A total of 10,184 anopheles mosquitoes were captured, almost half (45.24%, 4607/10184) by HLC. An. gambiae s.l. was the main vector in all regions, with the exception of CRR where An. funestus was the most predominant one (53.77%, 1865/3468). Indoor biting, after weighing for sleeping indoors or outdoors, was higher than outdoors biting, in all regions. Indoor biting was significantly higher in the WCR than in other regions (p<0.01) except in the CRR (p = 0.74) (Table 8).
Indoor biting was significantly lower in July than in each of the following months, with more than 90% of indoor biting between August and November (Table 9).
A substantial proportion of biting occurred between 4-6am in all regions (Fig 5)
Similarly for each vector species, substantial proportion of indoor and outdoor biting occurred between 4am-6am (Fig 6)
Speciation by PCR was successful for 65.43% (1963/3000) of the An. gambiae s.l.
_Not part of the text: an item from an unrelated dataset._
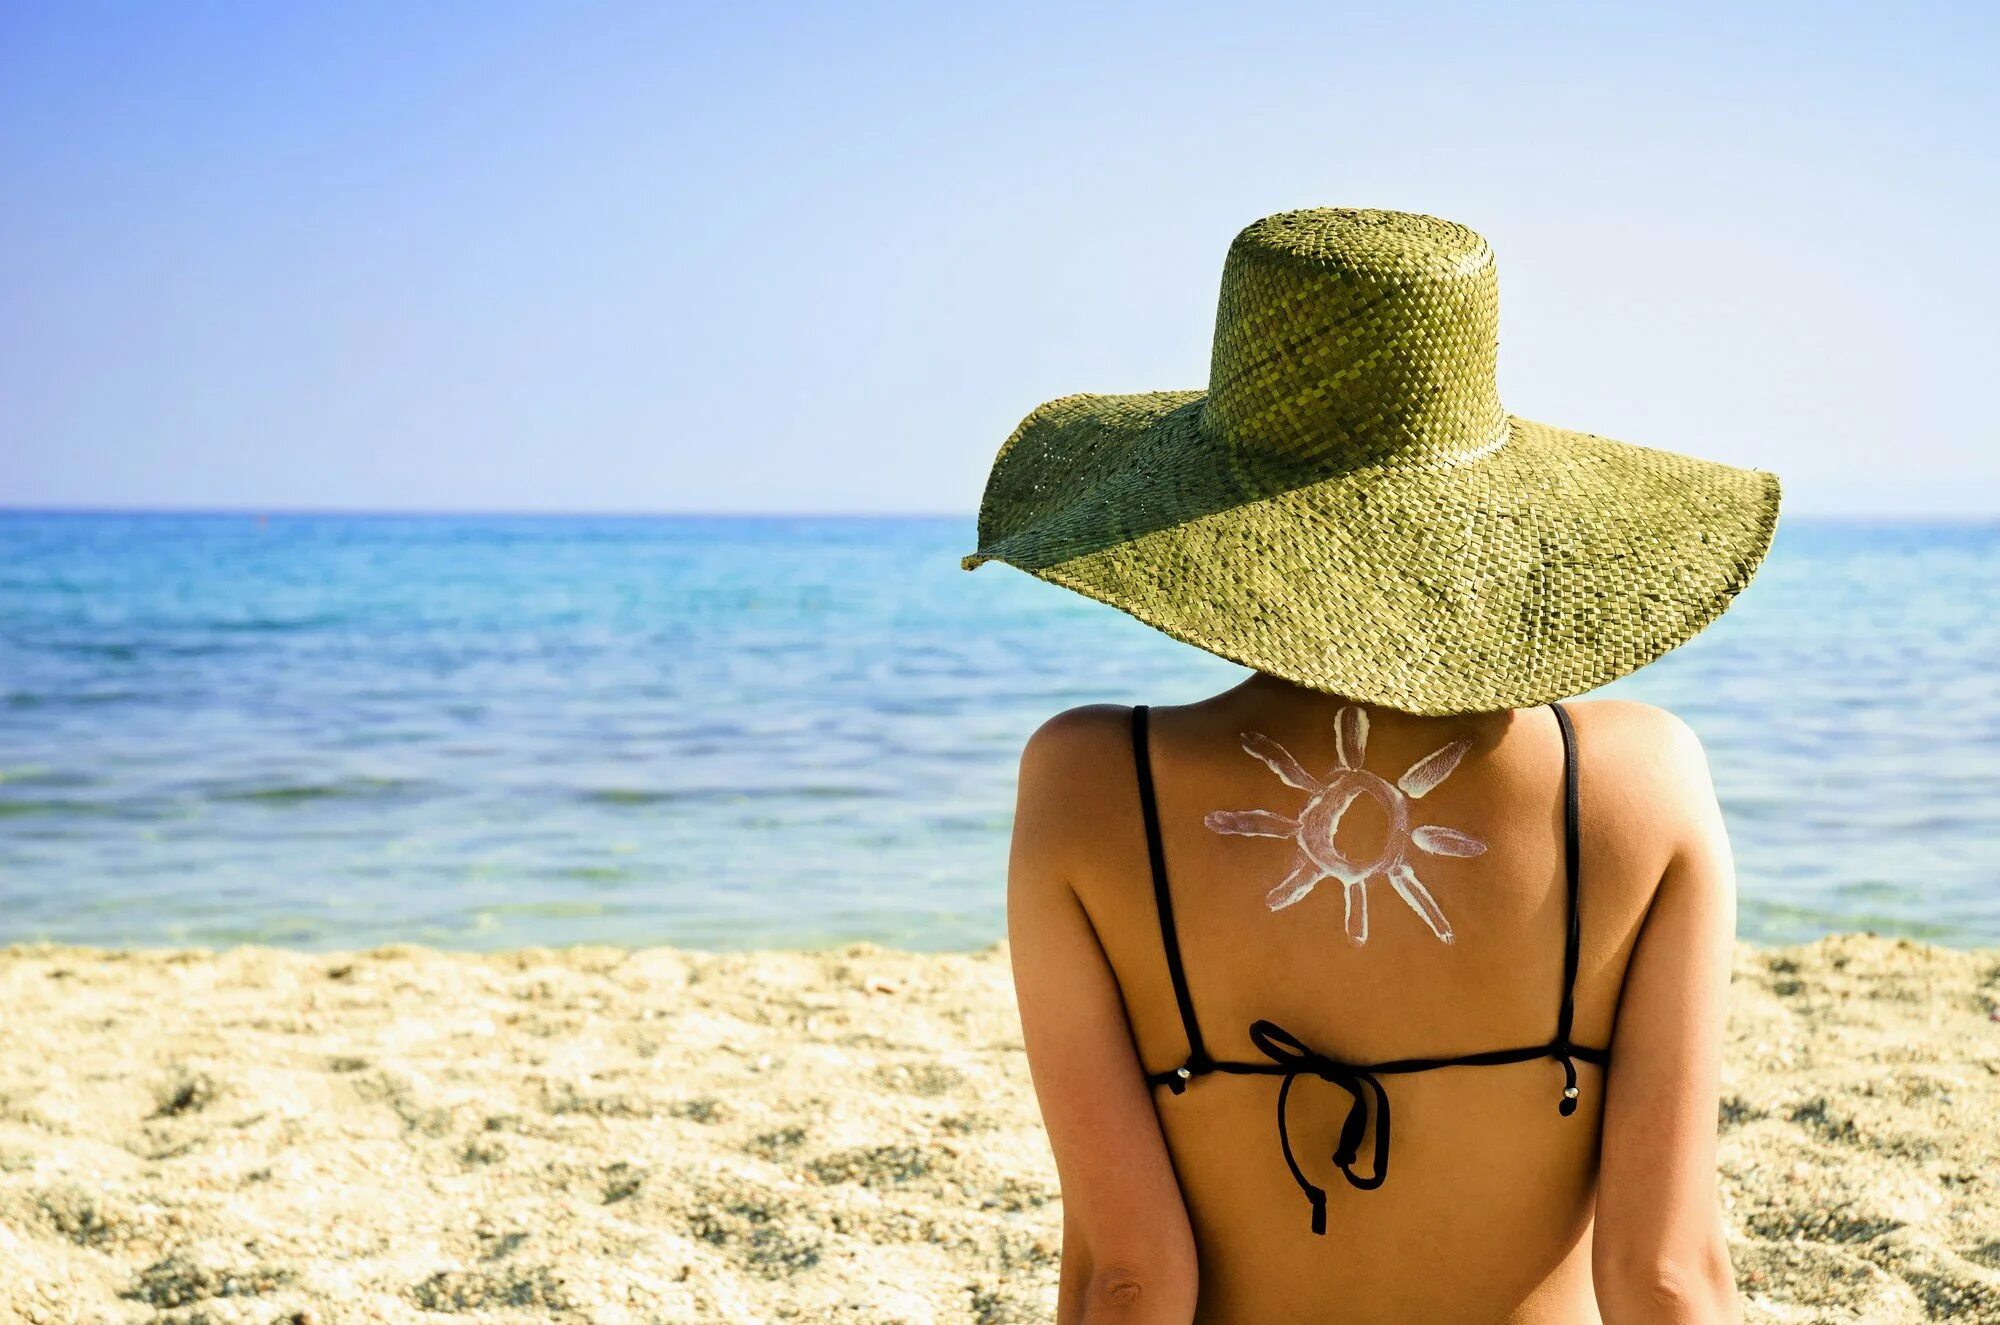 Продляем лето. Девушка в шляпе на море. Девушка в шляпе на пляже. Солнце море пляж девушка в шляпе. Солнце пляж девушка.

An. coluzzii was the predominant species in western (WCR and NBR) and eastern (URR-S and URR-N) Gambia while An. gambiae s.s. was most common in the other two regions, LRR and CRR, in the centre of The Gambia. An arabiensis was mainly found in the central and eastern regions (Table 10).
The species composition varied substantially during the transmission season (Fig 7)
Vector parity was significantly higher in URR-S and URR-N than in the other 4 regions (Table 11).
The unadjusted vector parity was correlated (Spearman) with the incidence of malaria infection (r2 0.7, p<0.01) but not with that of clinical malaria (r2 0.4, p = 0.3) (Fig 8)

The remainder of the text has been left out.